ExxonMobil knew back in 1980 what the consequences would be, though we didn't have another energy system we could move to back then.

That's why I say this problem is human. When people ask me if I'm pessimistic, I'm like, no. Flying into L.A., there’s rooftops for miles with nothing on them. If PG&E and the building owners could come to an agreement, there could be solar on every one of those rooftops. The problem isn't that solar doesn't work. The problem is PG&E and the rooftop owners are in some weird, complicated legal battle that goes on and on for years.

The problem isn't that we don't know how to do it. The problem is the people who are making money off of it being just this way aren't giving up and going away without a fight. None of this is—like, it is rocket science. I can’t say it’s not rocket science, but it’s really doable. It’s not an issue of whether it’s technologically available, it’s whether it’s scalable.

My faith is in human ingenuity and the almighty dollar.

I'm kind of with you. A lot of people took me to task, and I was like, I can't have a conversation anymore about capitalism and not capitalism. Because I know we're not winning that war anytime soon. So if we can use capitalism, that's our best bet, and I think we can.

It’s searching for an inflection point. How much bad shit are we going to allow before we really stop bad shit from happening? And then the right question is, bad shit to whom?
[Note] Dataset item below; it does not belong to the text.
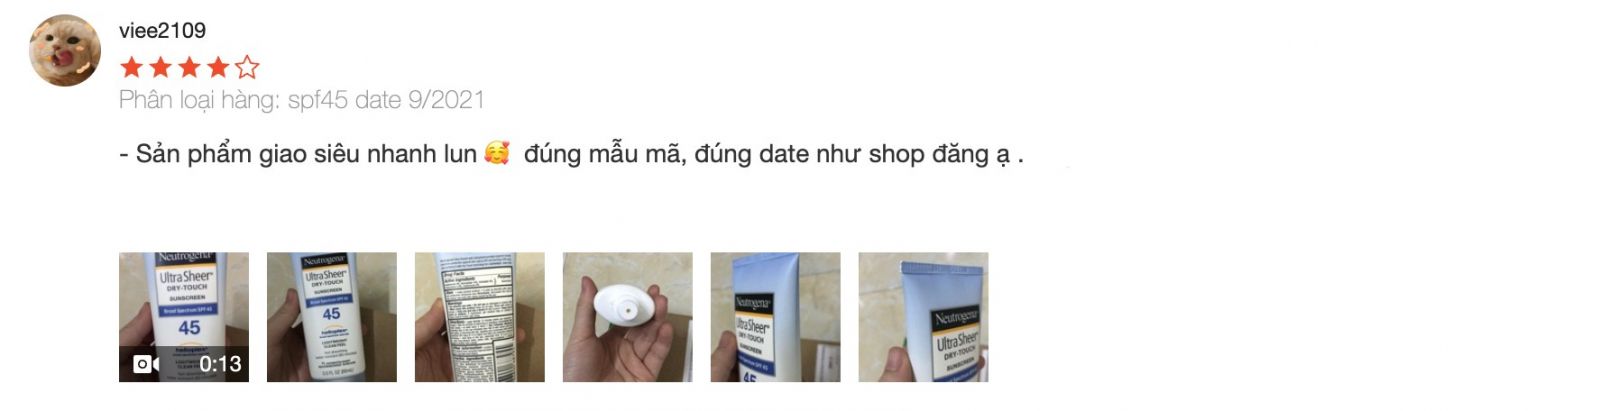 Kem chống nắng Neutrogena ultra sheer dry touch review

We'll probably let the Marshall Islands go away, and we'll probably let a lot of the tribal peoples on the coast of Alaska lose their communities. I don't feel great about that. Will we save Manhattan? Probably. Will it require a lot of civil engineering? Yeah.

What do you hope a 15-year-old watching takes away from this? How about a 65-year-old?

For the 15-year-olds, I hope they’re not buying into these narratives that tell them this is so big and that there is no personal responsibility, that there's nothing they can do, that this is out of their hands. Because I'd like them to use the show as some sort of inoculation against cynicism on this issue.

For 65-year-olds, there is something important about acknowledging all that from the end of life as well. We didn't always know what we were doing was bad, and for that, there is forgiveness. We didn't always have a solve, and if you don't have an alternative, it's hard for me to really feel that it's right to punish those people. But now we do have solves, and we do have awareness, and I think for older people to connect those dots—that's what's beautiful about what Bill McKibben is doing now with Third Act. It's allowing older people to go, “Wait a minute. Not in my name. I did not co-sign that. That was the only [option], but it isn't anymore, so don't use me as proof of your permission to despoil the planet.”